Photo: DNV Knut Ørbeck-Nilsen CEO of DNV Maritime
DNV Maritime CEO Knut Ørbeck-Nilssen did not mince his words as he set the scene at the opening of the DNV Maritime Energy Summit on 8 February.

The clock is ticking, he said, as the IMO’s decarbonisation targets became more ambitious last summer, aiming for a 20% reduction in emissions by 2030, 70% by 2040, and full decarbonisation by or around 2050.

The EU Emissions Trading System (ETS), effective from January 1st this year, further raises the stakes, he said. Now the drive for decarbonisation is not just coming from regulations but through demands for a greener maritime industry from stakeholders throughout the value chain. Cargo owners are a key force – they are listening to their customers and society at large.

“We cannot ignore the reality that the supply of alternative carbon-neutral fuels is nowhere near where it needs to be to reach short-term emission reduction targets,” Ørbeck-Nilssen pointed out, adding that the classification society had estimated that global shipping would require 30-40% of the entire global supply of carbon-neutral fuels if it were to reach the IMO’s 2030 target.

“Now that is highly unlikely, bordering on the impossible,” he declared.

However, there is promising growth in the number of newbuild and retrofit vessels capable of running on alternative fuels. Interest in biofuels is encouraging, he said, and more developments are likely. But to achieve the IMO’s 2030 target without low or zero-carbon fuels, the industry will have to adopt energy efficiency measures. And there are a number of promising options.

Later, DNV’s Eirik Nyhus also stressed the scale of the 2030 challenge – “it’s only six years away”. And furthermore, he pointed out, by that time there is a goal that 5% of the energy used by shipping should come from zero or near-zero shipping fuels.

The IMO is proposing the introduction of new measures from 2027, including the introduction of a greenhouse gas (GHG) intensity standard and some form of carbon pricing. However, for these to become effective by that time, the IMO will need to take critical decisions at MEPC 81 in March, less than six weeks away.

Shipping’s inclusion in the EU ETS imposes a cost on the sector’s emissions, with owners having to pay for (GHG) emissions by way of EU Allowances, Nyhus said. Meanwhile the FuelEU Maritime regulation, effective from 2025, will assess emissions on a well-to-wake basis (rather than the ETS tank-to-wake formula) and will certainly drive up the adoption of alternative fuels.
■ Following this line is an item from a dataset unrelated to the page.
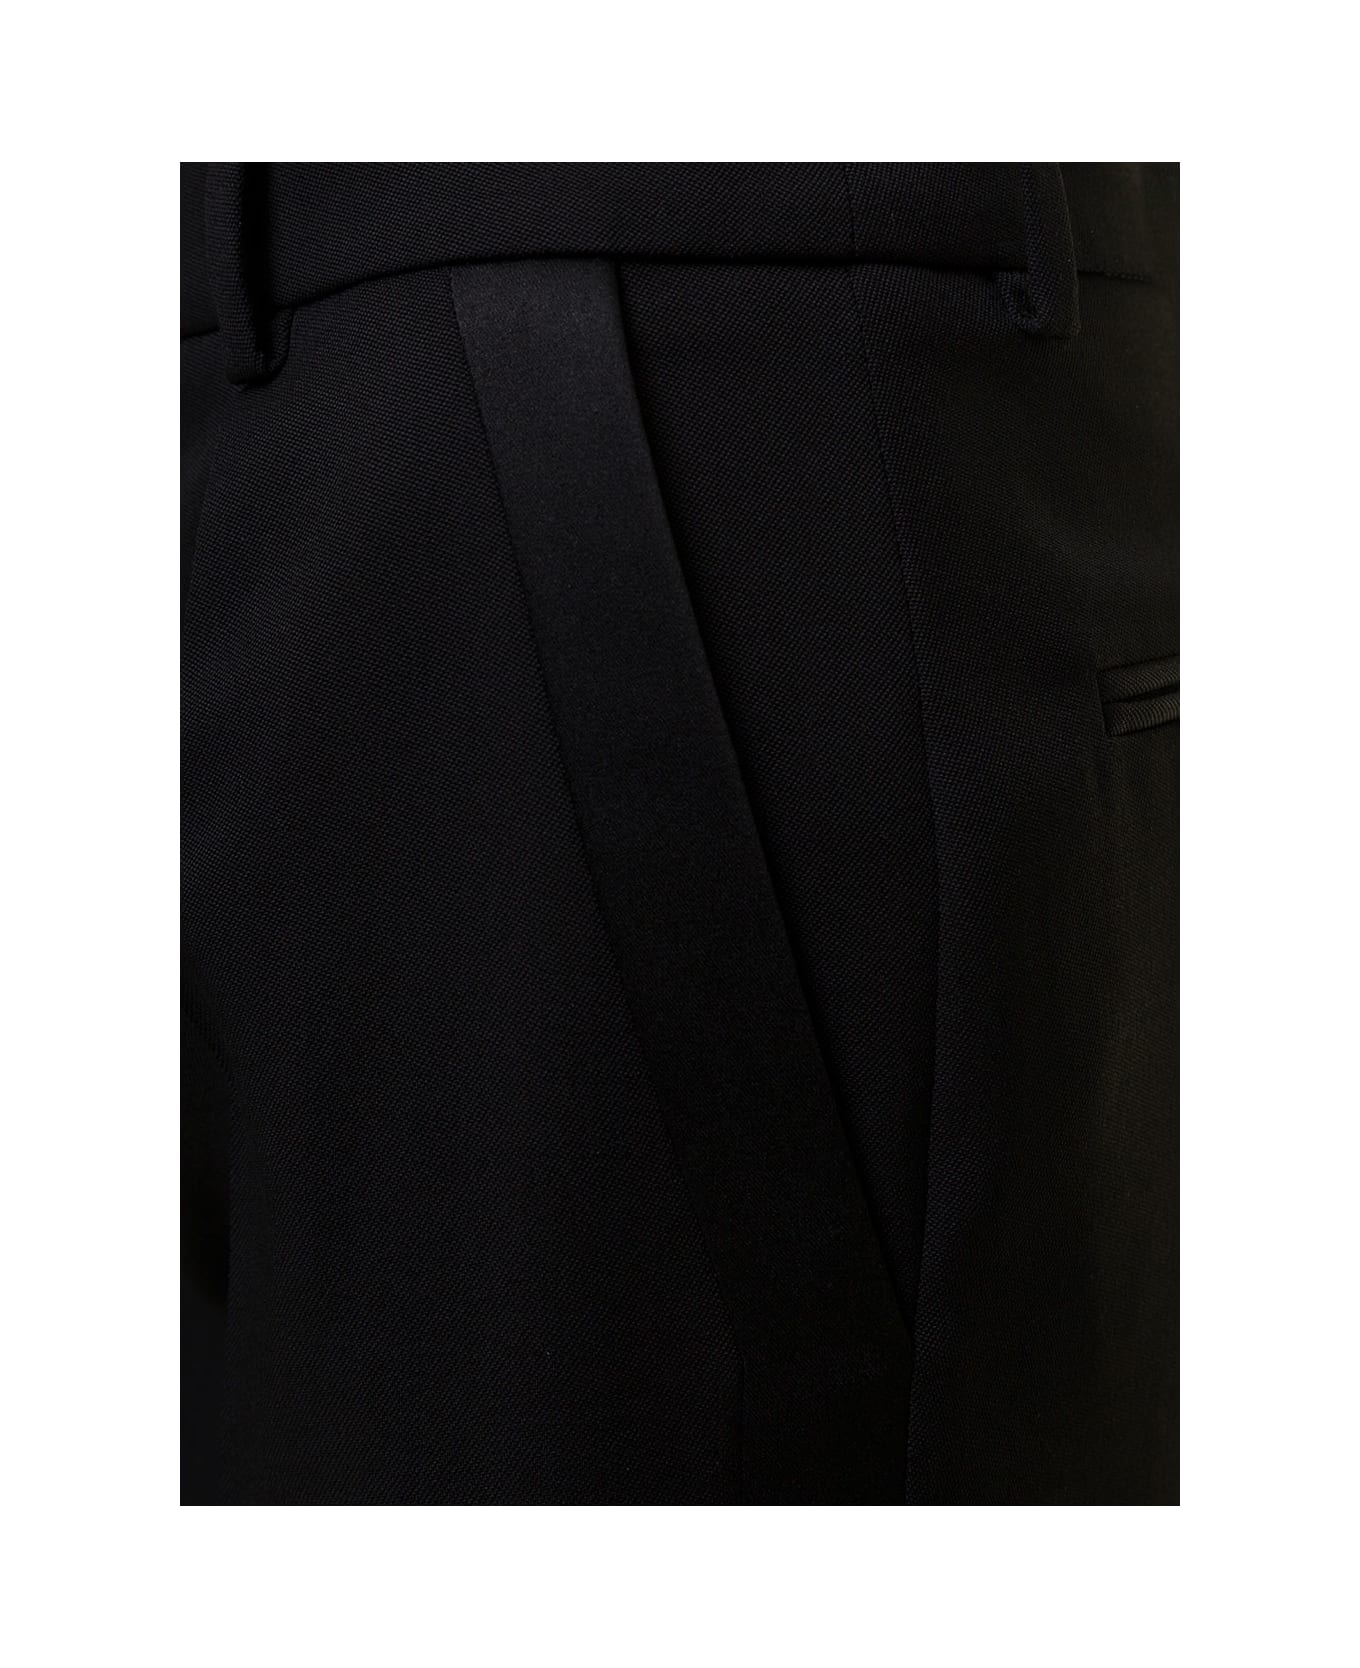 Saint Laurent Wool Pants - Black

That is because ship operators who continue to use conventional fuels in 2025, Nyhus explained, will be non-compliant from day one. He also pointed out that the UK is planning to introduce its own ETS in 2026.

“So, what you have is the EU ETS in 2024, FuelEU Maritime in 2025, the UK ETS in 2026, and new IMO regulations in 2027 and 2028. There is also the review of the CII regulation in 2025 and I’m sure there will be other changes in this time period,” he said.

Changes to business models will inevitably be required through this “impactful decade” Nyhus concluded.